I'm going to share with you a little story and I guess you know that Aboriginal people like to tell stories. This is a story about Aboriginal people surviving and changing in a modern society of Australia in the early 50s. This guy that I'm going to talk about is probably universal, he's well known through TV and Walt Disney produced him some time ago.

As you probably know a lot of Aboriginal people are in prison, the highest prison rate in the world for Indigenous people and in 1950, it wasn't as bad as it is today. Anyhow this bloke, he's done a lot of time for what people would say were smaller crimes and he was in possession of alcohol and they locked him up for six months - if you know Yatala, here on the outskirts of Adelaide.

They let him out and he walked to Gepps Cross Pub there on Main North Road to wait for the bus to pick him up and take him back to the mission. Anyhow the war had just finished, the Second World War and they gave him a pair of army boots, those hob nail boots and the big army over coats with pockets on the side. They gave him a couple of bob shillings and as he was getting near Gepps Cross Pub he could smell the fumes of alcohol. We can all smell alcohol can't we sometimes? Is that true?

Anyhow he got closer and closer and he wanted to have a little sip before he got on the bus to get to the mission. He sees this other old bloke who was a non-Aboriginal person and he said 'Hey mate, look I've got a couple of bob would you like to get me a bottle of wine' and the fellow said 'Sorry we can't, the Aboriginal people are not allowed to have alcohol'. So he bribed him and gave him a ten shilling note and the bloke went in there and got the wine and brought it out to him.

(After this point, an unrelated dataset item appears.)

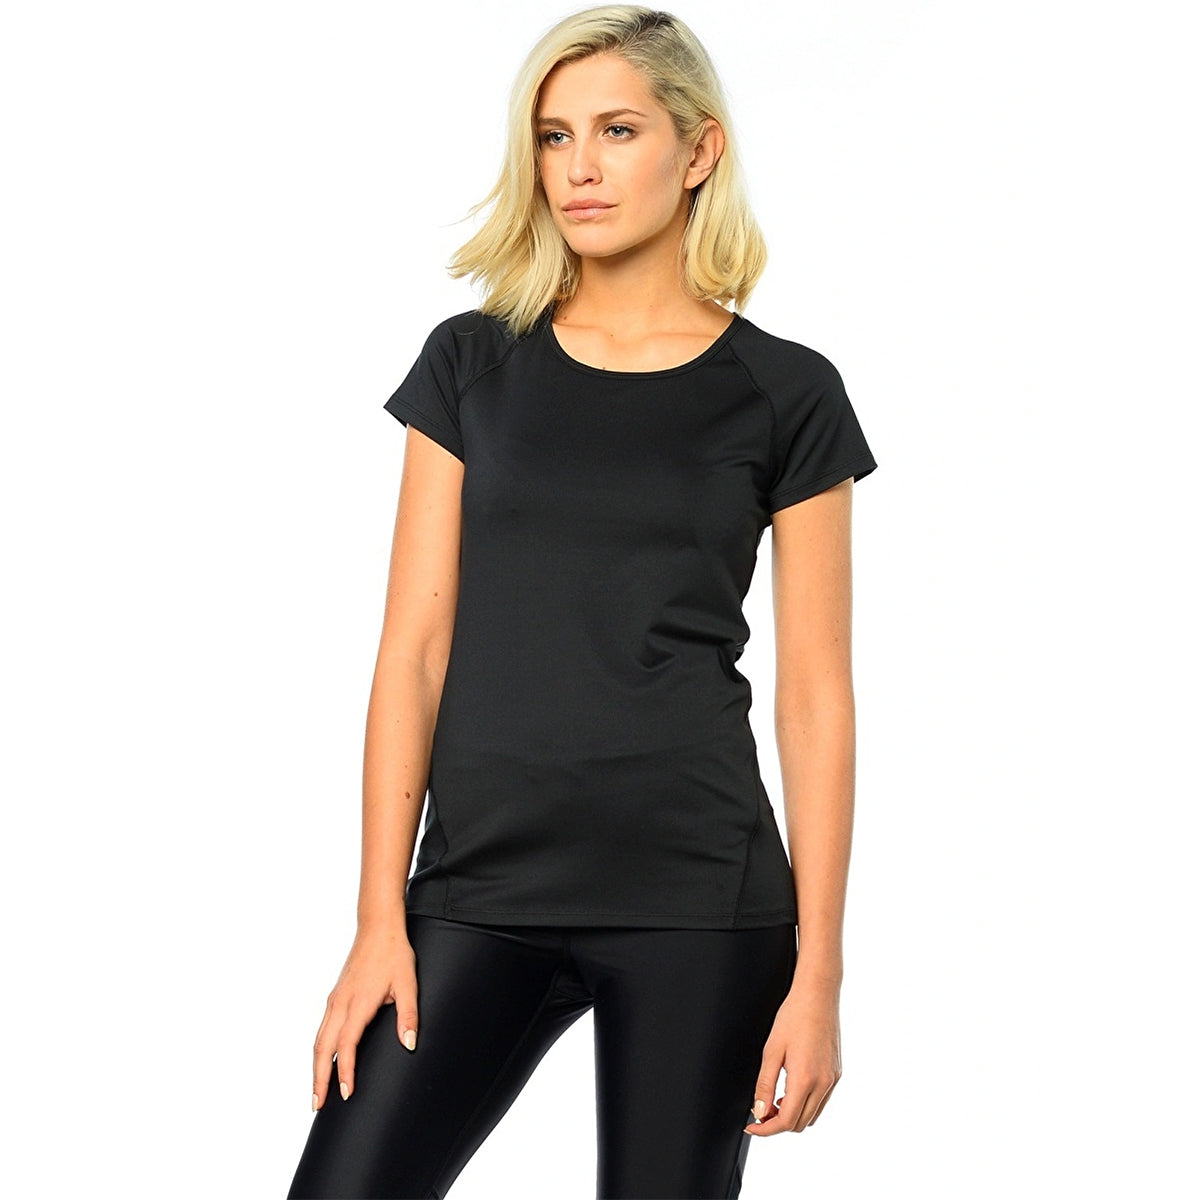 Roxy Tri Me Women's Short-Sleeve Shirts - True Black
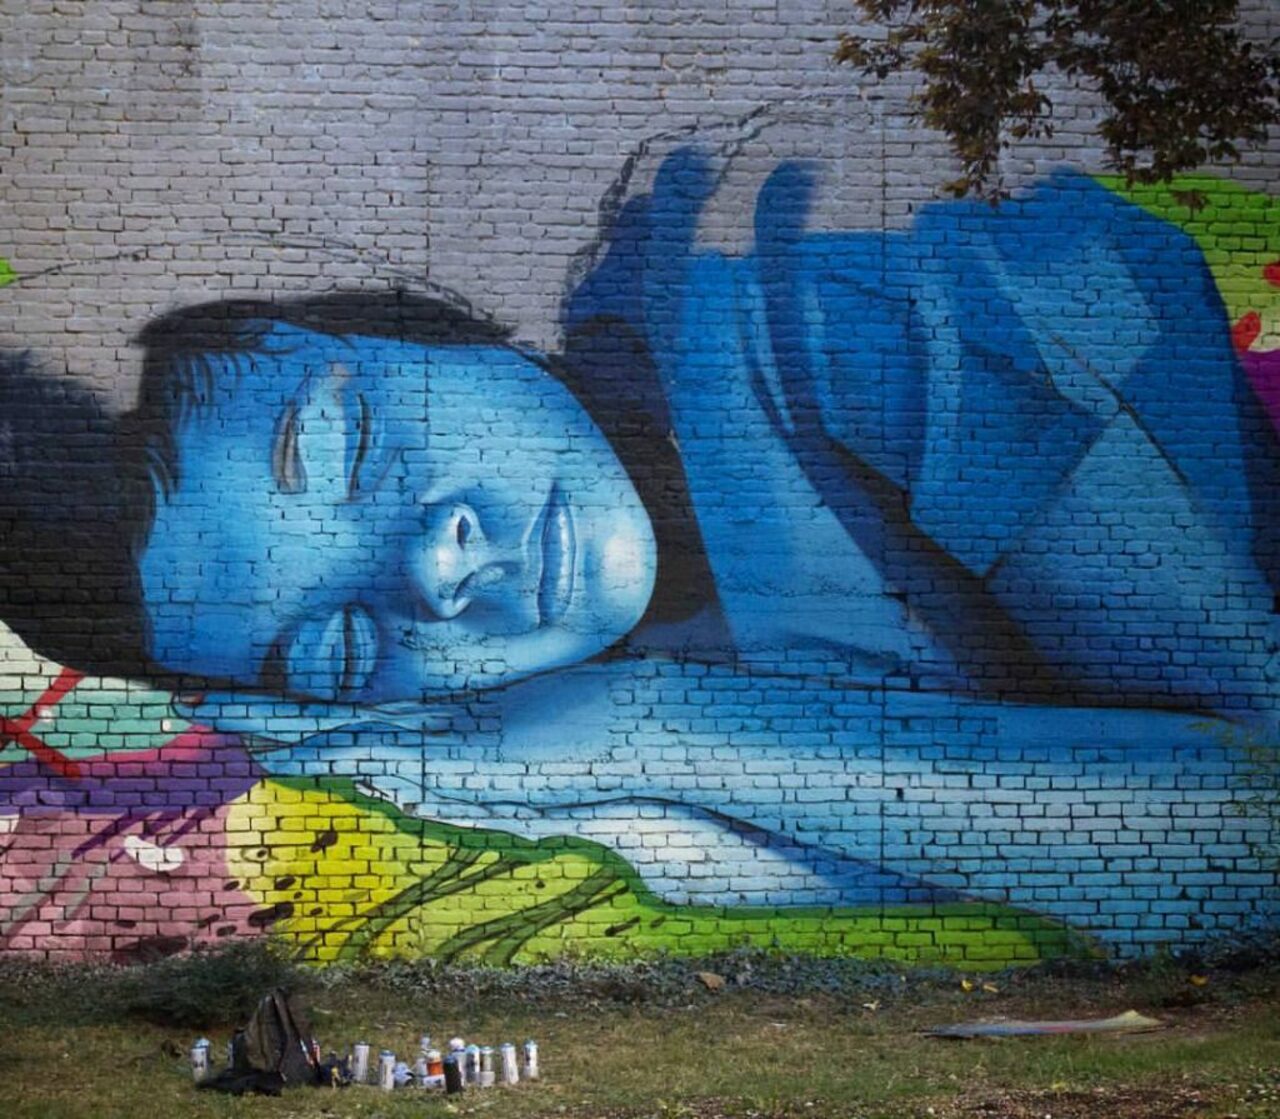 “Technicolor Dream” by Lonac & Chez 186 in Zagreb, Croatia http://buff.ly/2eI9UXE #streetart #mural #graffiti https://t.co/EtX3chMNzX

So the bus was another half and hour coming, so he had a little sip and sat down waiting and two young policemen came by and they sang out to him and said, "Hey, come here." He took no notice and they said, "Hey, come here." So he got up and he went over and he stood about two or three feet away from the policemen and they said, "What's your name?". Of course if we gave our Aboriginal name it would be so long, you see and he wouldn't be able to write that up so he said, "My name's Donald." The policeman got on to the radio headquarters and said, "Look we have an Aboriginal bloke here and we want to know if there are any warrants out on him - his name is Donald." The fellow on the other end of the radio said, "Ask him his other name" and this bloke said, "Duck", so he got on the radio and said, "We've got a fellow by the name of Donald Duck here. Any warrants on him?".

Its before the computer age and so there's paper rattling and stuff. The Officer he says, " No we don't have any warrants out on a Mr Donald Duck." So Mr Donald Duck was set to go free. You couldn't do that today with computers, DNA and those sorts of things because science can almost catch you off guard today. Anyhow he got on the bus and he was home free.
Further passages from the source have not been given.